Morris–Lecar dataset forecasting results obtained by the six methods using a fixed network size of 100 neurons for the gated RNNs and ESN models and an equivalent delay size for the NVAR approach. The reference test data are shown in black and the predictions in color. Absolute errors of the predictions are presented in the bottom subplot, with color corresponding to each prediction method. Note that the reported error is the mean absolute error over the three input time series.

For the BML dataset, prediction accuracy as measured by RMSE is relatively insensitive to the network size (or number of embedded delays, for NVAR), as shown in the top panel of Fig. 14 Because of the decrease in prediction quality for the second half of the time series, the ESN approaches have RMSE values almost as high as those of the LSTM and GRU methods. For NVAR, increasing the embedded delays may lead to a decrease in accuracy. For all methods, the computational time needed increases with the network size. The LSTM and GRU methods require the most time, nearly two orders of magnitude more than the ESN methods, which require similar times. NVAR is the most efficient, but the ESN methods remain competitive in terms of computational requirements.

Fig. 14.

Comparison of RMSE (top) and computational time (bottom) for each method and network size tested for the Morris–Lecar dataset.

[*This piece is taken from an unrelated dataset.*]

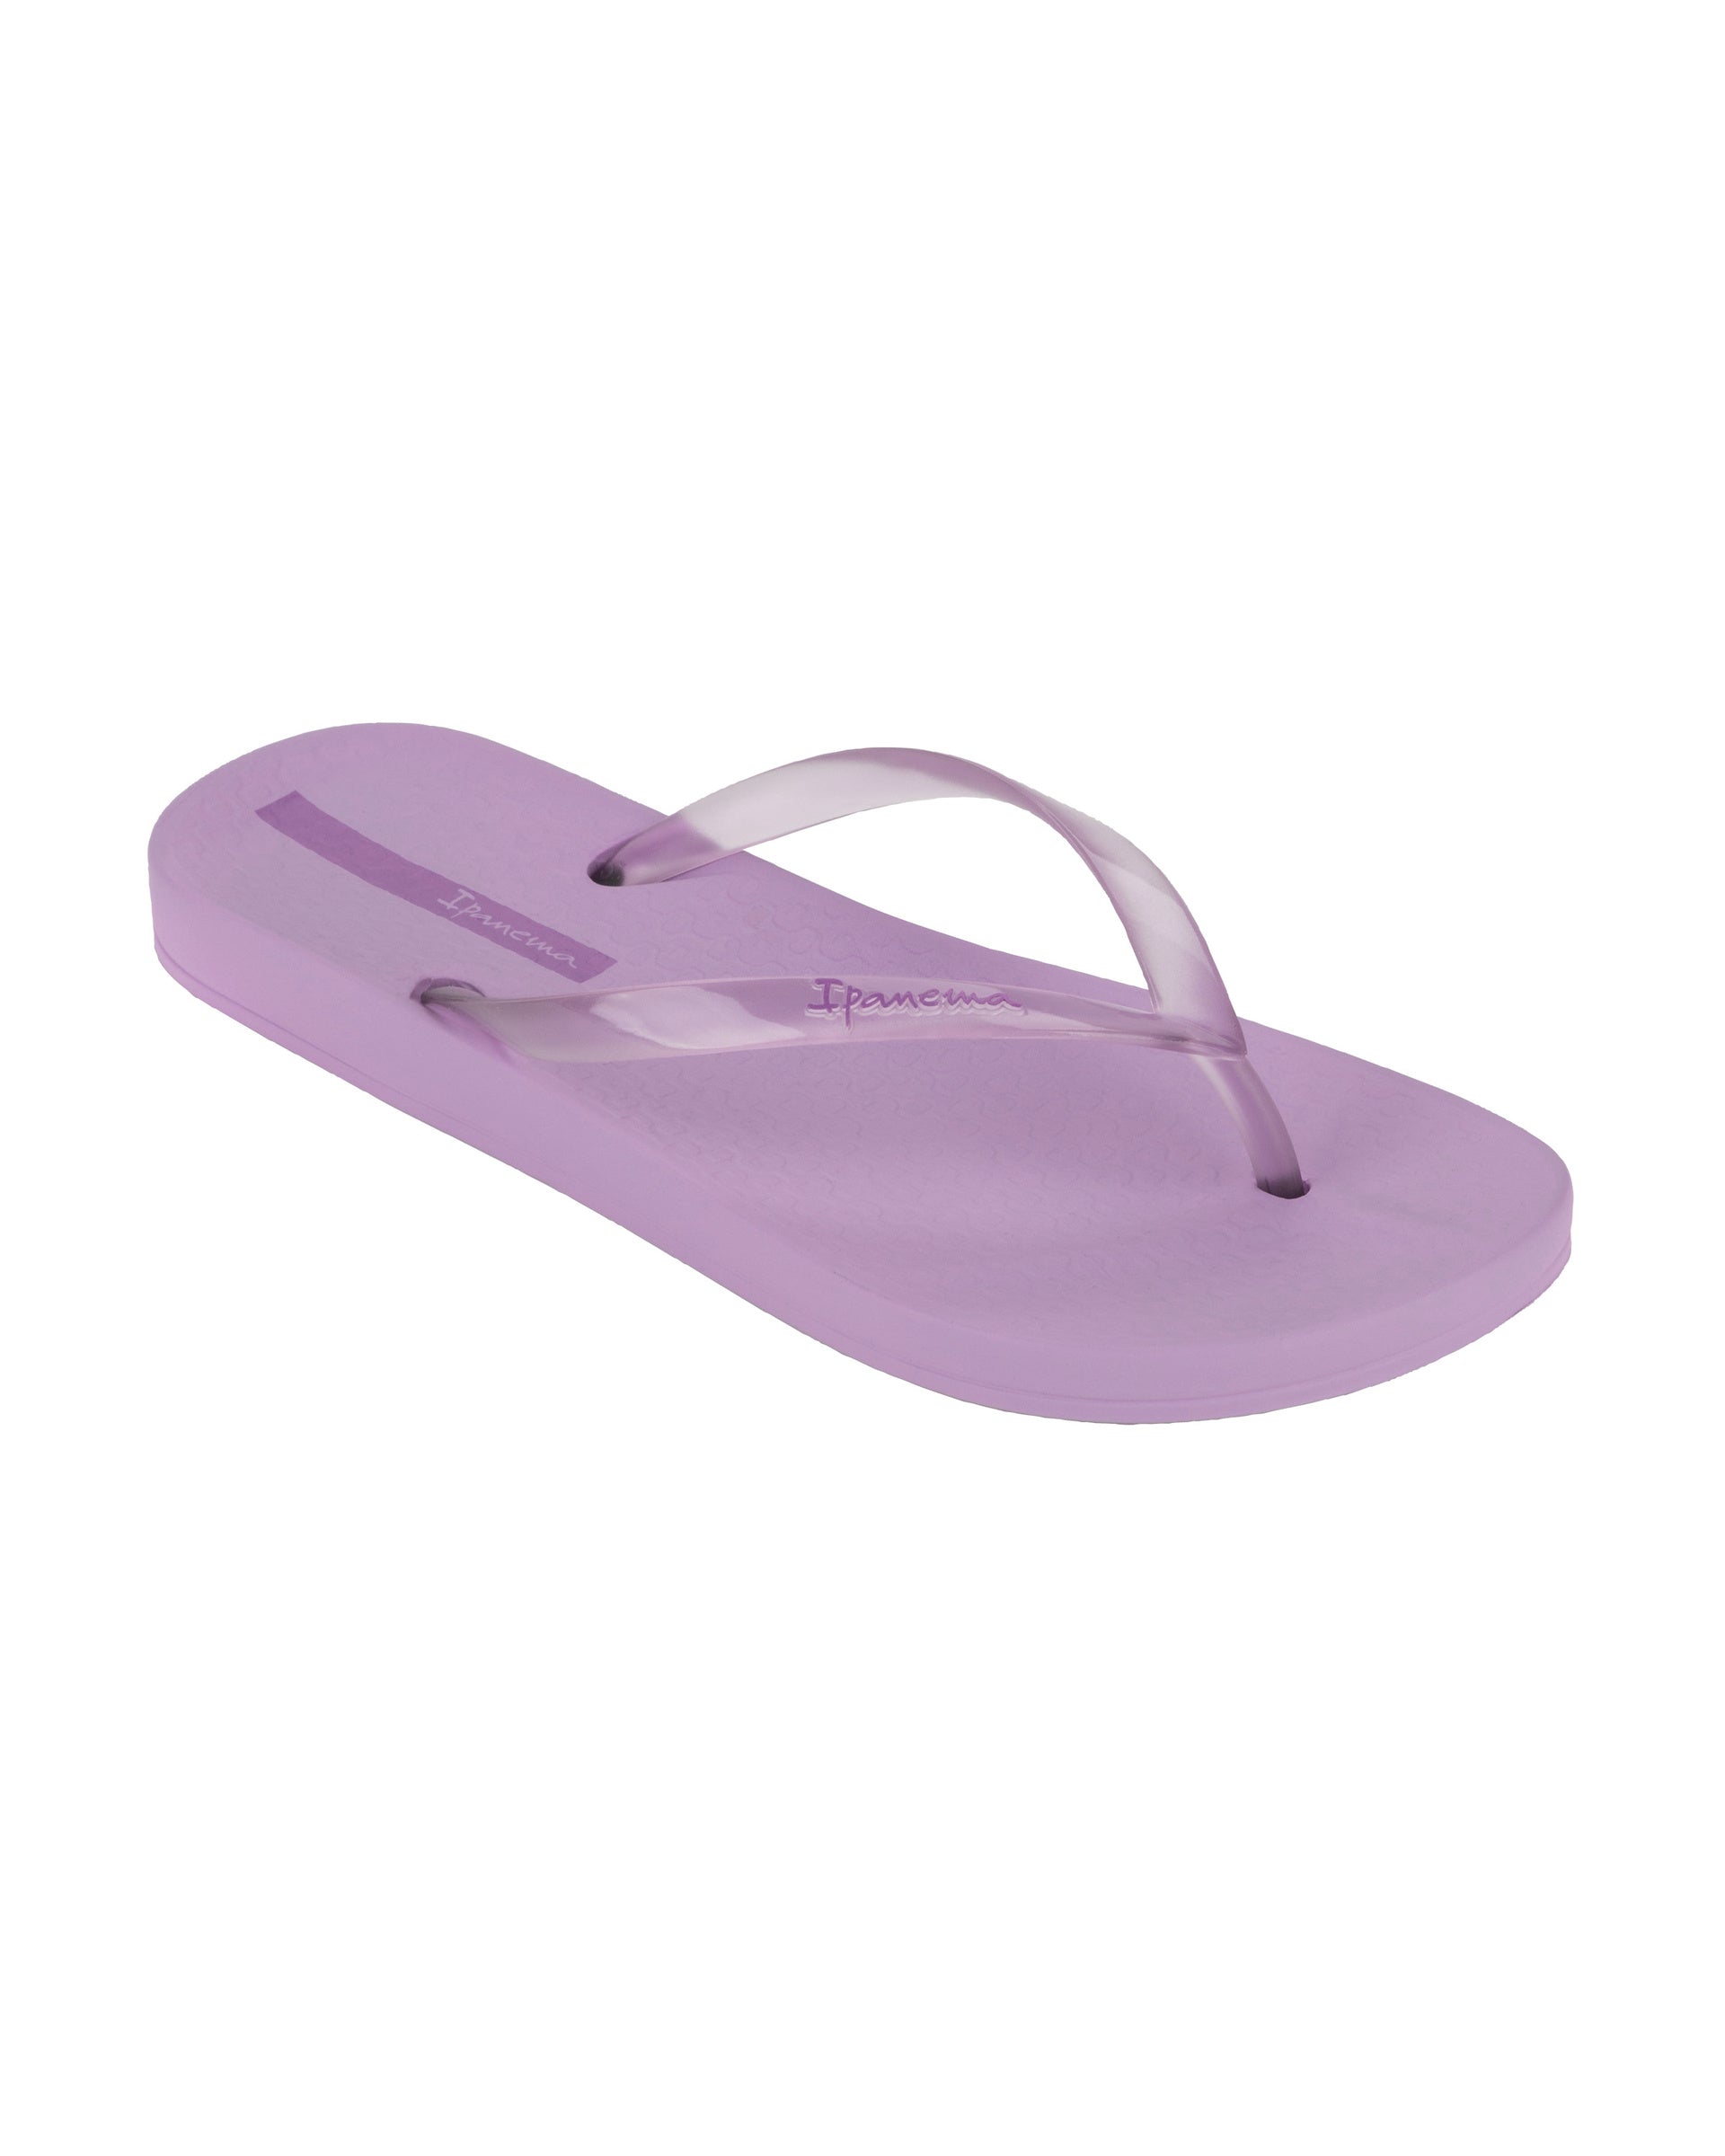 Angled view of a purple Ipanema Ana Connect women's flip flop with a clear purple strap.

El Niño-Southern Oscillation Dataset

In Fig. 15, the results of predicting the ENSO dataset can be seen for the different methods. The LSTM method performs particularly poorly, with only a single oscillation before remaining at a constant value. GRU does better but essentially misses all the large-amplitude oscillations in the middle of the testing data and also does not predict the amplitudes and phases of the smaller oscillations consistently. The baseline ESN predicts accurately for more than half of the test data but fails to predict the later large-amplitude oscillations and predicts the last portion of the dataset with proper amplitude but incorrect phase. The HESN method performs similarly, except that the last portion of the dataset has less severe discrepancies in phase and slightly higher amplitude discrepancies. Very good performance is obtained by the CESN method, with almost no difference from the testing data, narrowly beating out NVAR, which includes some slight discrepancies. In the bottom panel of Fig. 15, the absolute error measurements over time confirm the poor predictions using LSTM and GRU throughout the time series and the consistently small errors achieved only for CESN and NVAR.

Fig. 15.

ENSO dataset forecasting results obtained by the six methods using a fixed network size of 100 neurons for the gated RNNs and ESN models and an equivalent delay size for the NVAR approach. The reference test data are shown in black and the predictions in color. Absolute errors of the predictions are presented in the bottom subplot, with color corresponding to each prediction method. Note that the reported error is the mean absolute error over the three input time series.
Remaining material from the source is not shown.